Generalissimo Kim’s death may lead to a new period of détente between the Korean halves, especially considering Kim Jong-un’s youth and European education (he may be legitimately interested in pursuing a reformist agenda, but not if we continue to demonize his father and grandfather). Yet Harper, demonstrating his near total lack of comprehension of the plight of the North Korean people, decided the best approach would be to remind the North Koreans it is their responsibility to choose a new and better alternative to the despotic regime they toil under.

It is not a choice, Mr. Harper.

And, what’s more, the North Koreans cannot hear you. Their media is thoroughly controlled by their government, and we are very, very low on the list of concerns and priorities of the DPRK. So if they aren’t paying any attention to us, why rattle some sabres?

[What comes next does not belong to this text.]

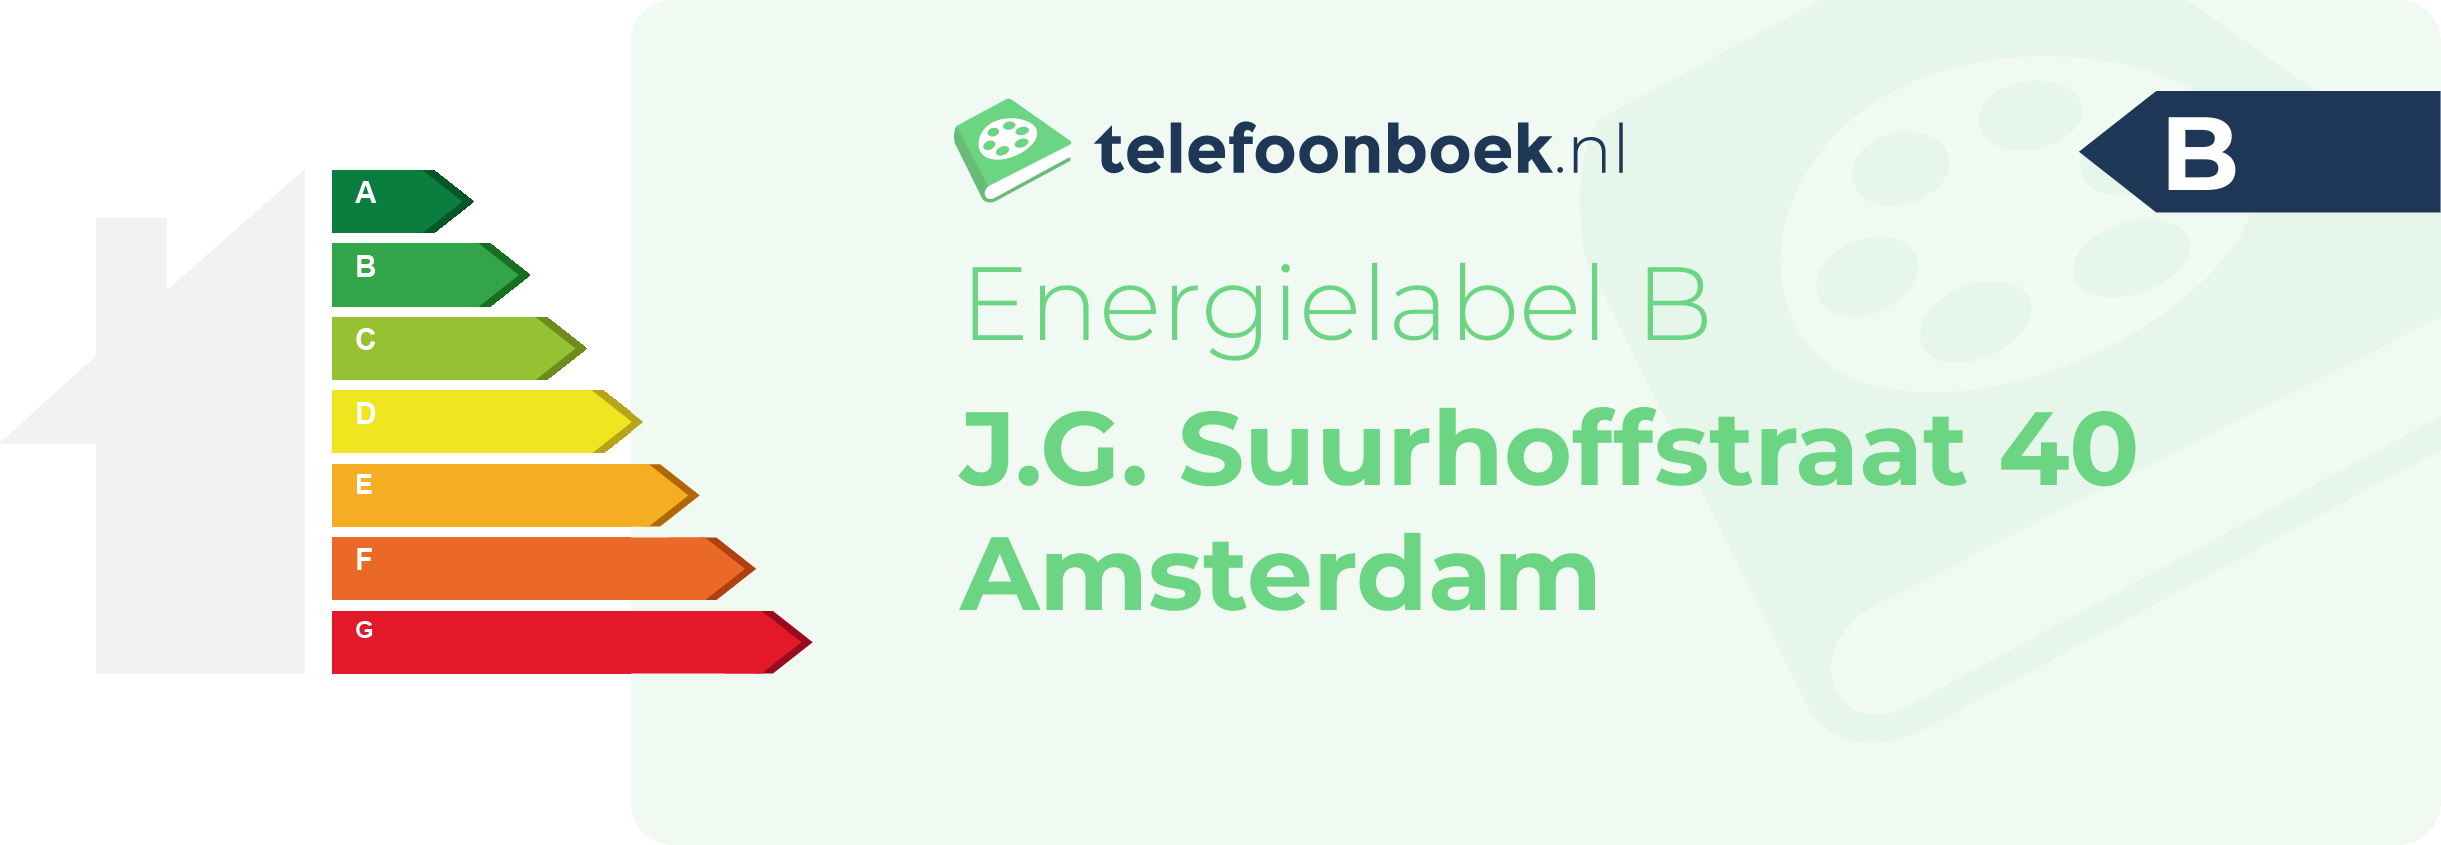 Energielabel J.G. Suurhoffstraat 40 Amsterdam

It is the perennial Canadian inferiority complex, manifested by individuals hell-bent on restoring the apparently missing machismo of Canada. Perhaps its because we’ve never started a war for fun and profit, perhaps because our nation was not born of blood and savagery between men on battlefields at home and abroad. Either way, we, unlike many other prominent world leaders, decided not even to suggest that this was a situation worth monitoring, or, that it provides an opportunity for renewed diplomatic efforts. No, quite the contrary, Harper used typical corporate newspeak to describe the ‘moving forward process’ that’s ‘in the hands of the North Korean people’, as a PR hack might in the same fashion after a senior executive is charged for insider trading.

What Harper fails to realize is that the People of North Korea have no choices. Yes, they are slaves. So why condemn them to some awful fate as a result of the decisions made by the kleptocratic oligarchy created by the cartoon character above and his equally unstable father?

And why didn’t a well-respected nation such as our own extend our condolences to the clearly bereaved North Korean People? Whether we agree with their bereavement or not is immaterial, a good chunk of their population can be assumed to be legitimately upset by his passing. And if we want change in the Korean Peninsula, why not open a new door to dialogue with the inexperienced Kim Jong-un?

We know who Kim Jong-il was, the people of the DPRK do not.

For me, this is not that different from Rick Perry’s now infamous Kim John II gaffe.

We should demand a higher awareness from our elected officials, and at least a modicum of decency, diplomacy and above all else sympathy for a mislead people.